This post originally appeared on the Data Carpentry website

Rasterio is a Python spatial data library that has changed the way I work with large spatial datasets.

Ever struggled to do calculations with big datasets in proprietary GIS software? Re-project your results to analyze relationships with other data?

Rasterio makes manipulating gridded spatial data (rasters) simple and brings these data into the Python ecosystem.

Want to do some preliminary analysis on a low-memory machine?

Instead of reading a massive file, read it as windowed chunks.

Need to create quick derivative products like directional gradients?

Raster bands are read as numpy arrays so all your favorite numerical methods are available. Likewise, if you’re dealing with a set of time-referenced images, you can quickly load summary values into a Pandas dataframe for time series analysis.

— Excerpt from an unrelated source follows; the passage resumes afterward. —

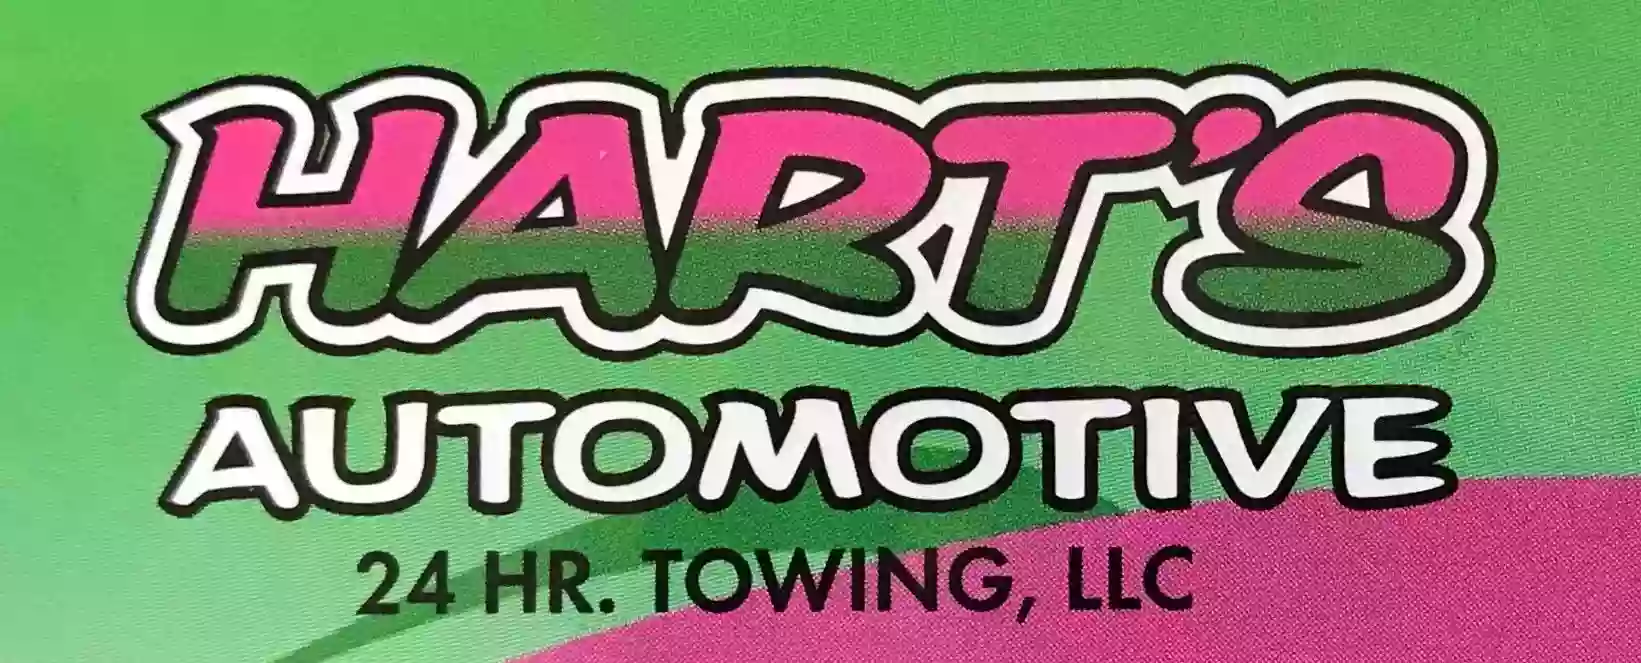 Hart's Automotive & 24-Hour Towing

How the tool helps me in my work

Many of us in the Earth sciences deal with large, co-registered spatial datasets.

For example, changes in vegetation health at a volcano might be captured in a series of satellite images. This could be due to volcano degassing or a more benign environmental change. Direct information about volcanic activity– like gas emissions or earthquakes - is available in other grid formats or as point features. Meteorological data is in yet another raster format. Pre-processing data from multiple data sources can be time-consuming.

The use of Rasterio (and other libraries like scikit-image, fiona, shapely) has greatly streamlined my workflow for loading, transforming, resampling, and correlating these kinds of data to detect and analyze changes.

What I wish someone had told me when I first started learning this tool

I’d say check out the convenience functions show and show_hist in rasterio.plot. They make visualizing multi-band imagery easy.

And finally …

Lots of nice features are being added; it’s in pretty active development.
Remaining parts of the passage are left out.